Doing it right seems particularly appropriate now that another Memorial Day has just passed, the great commemoration of D-Day is now concluded, and the 4th of July has come and gone. These historic milestones, along with the continuing death toll of our soldiers and Marines in Iraq, cannot help but bring a deepened sense of appreciation for the supreme sacrifice made by so many over the long course of our beloved nation's history.
All these events are a reminder that each of us has a solemn obligation to those who came before us and gave so much. That obligation, stated so eloquently by President Reagan in his speech at the 40th anniversary of the D-Day landings, is to show "by our actions that we understand what they died for."
Letters home written by those who have served in our country's military from the Revolutionary War to Iraq often tell us that soldiers are able to endure the terrors of combat only because they do not want to let down their comrades. Those same letters, though, always speak of a great feeling for our country and the ideals for which it stands. In his powerful D-Day speech, President Reagan identified those ideals as "faith, belief, loyalty, and love."
Those of us in the investment advisory profession have a special duty to be good stewards of other people's wealth. In these times when we are asking men and women in uniform all over the globe to lay down their lives to defend America and to help build a better world, is it too much to ask that each of us do our utmost to help create an America imbued with the ideals for which so many of our countrymen shed their blood through the ages?
One way to help build a better America in the world of investing is to adopt a fiduciary business model. Any efforts that we can make in achieving this goal, of course, seem wholly inadequate compared with the sacrifices made by those who died believing in the great ideals for which America stands. Nonetheless, we can honor them in our own small way by strengthening the investment advisory industry through adoption of a fiduciary way of thinking. Indeed, the scandals over the past few years that are emblematic of the widespread corruption in many parts of our financial system would never have occurred had the lodestar of a fiduciary standard been set in place and followed scrupulously.
All fiduciaries involved in different fields of investing--including ERISA fiduciaries, fiduciaries of public employee retirement plans, fiduciaries of foundations and endowments, or fiduciaries of private family trusts--have one thing in common.
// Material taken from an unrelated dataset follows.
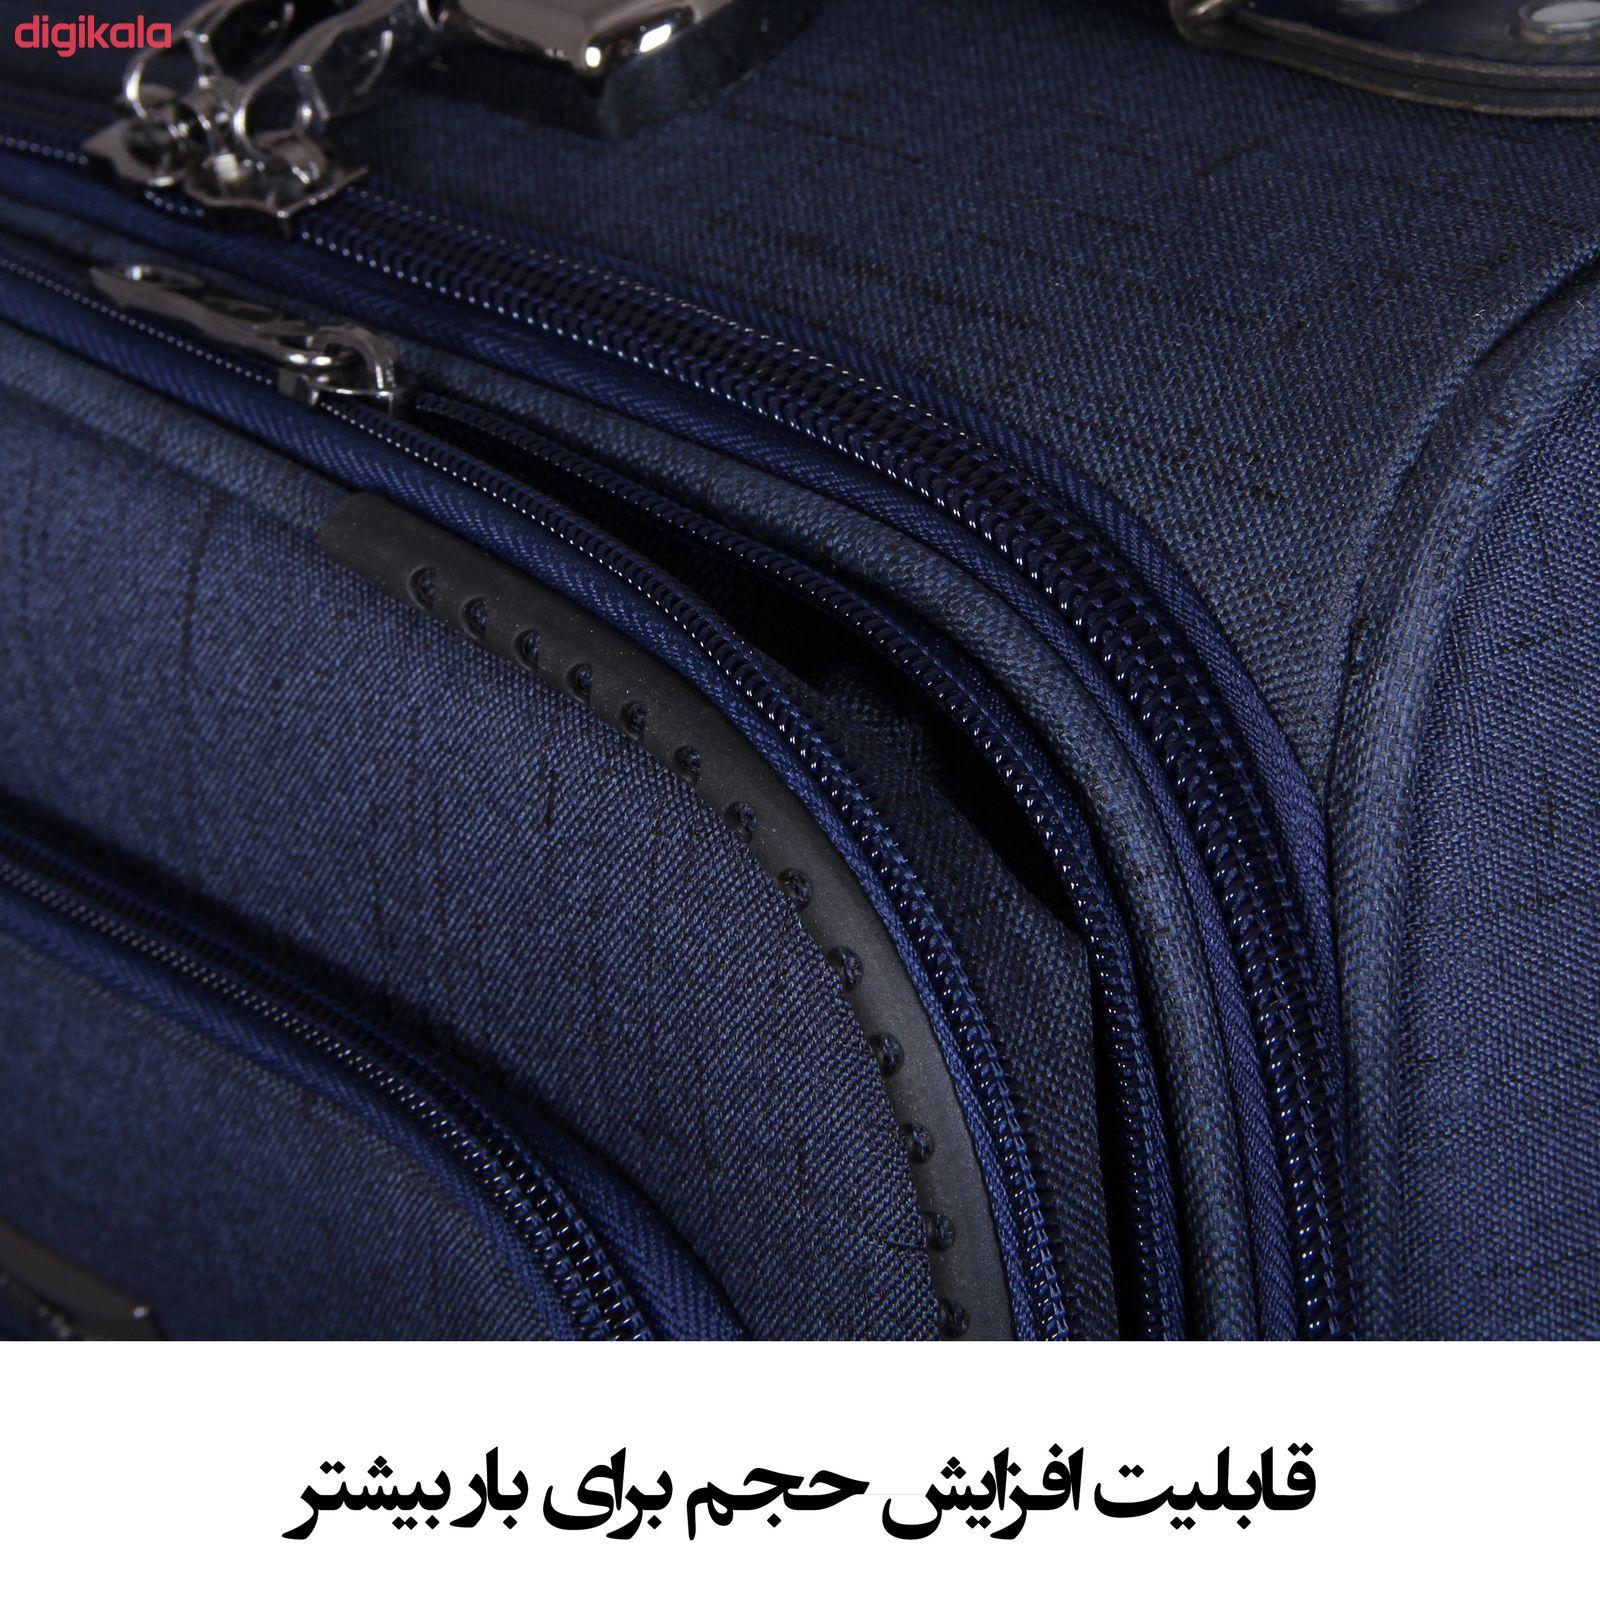 مجموعه سه عددی چمدان کد 2301A main 1 14

They are required to live up to the standard of trust law because the assets they are responsible for are held in trust. The standard of trust law is the highest known in law.
The summary of a model law--the Uniform Management of Public Employee Retirement Systems Act--describes the special responsibilities of fiduciaries that hold assets in trust: "By declaring that all retirement system assets are held in trust.public employees are guaranteed the highest standard of conduct in the management and investment of assets for retirement that the law can establish. A trustee.carries the greatest burdens of care, loyalty and utmost good faith for the beneficiaries to whom he or she is responsible."
It is no accident, I believe, that some of these solemn obligations owed by a fiduciary are the same as the ideals identified by President Reagan in his D-Day speech and for which so many of America's best gave their lives. Carrying out these fiduciary obligations--"the greatest burdens of care, loyalty and utmost good faith"--may help us to better "understand what they died for:" the ideals of "faith, belief, loyalty, and love." And so: "Strengthened by their courage, heartened by their [valor], and borne by their memory, let us continue to stand for the ideals for which they lived and died."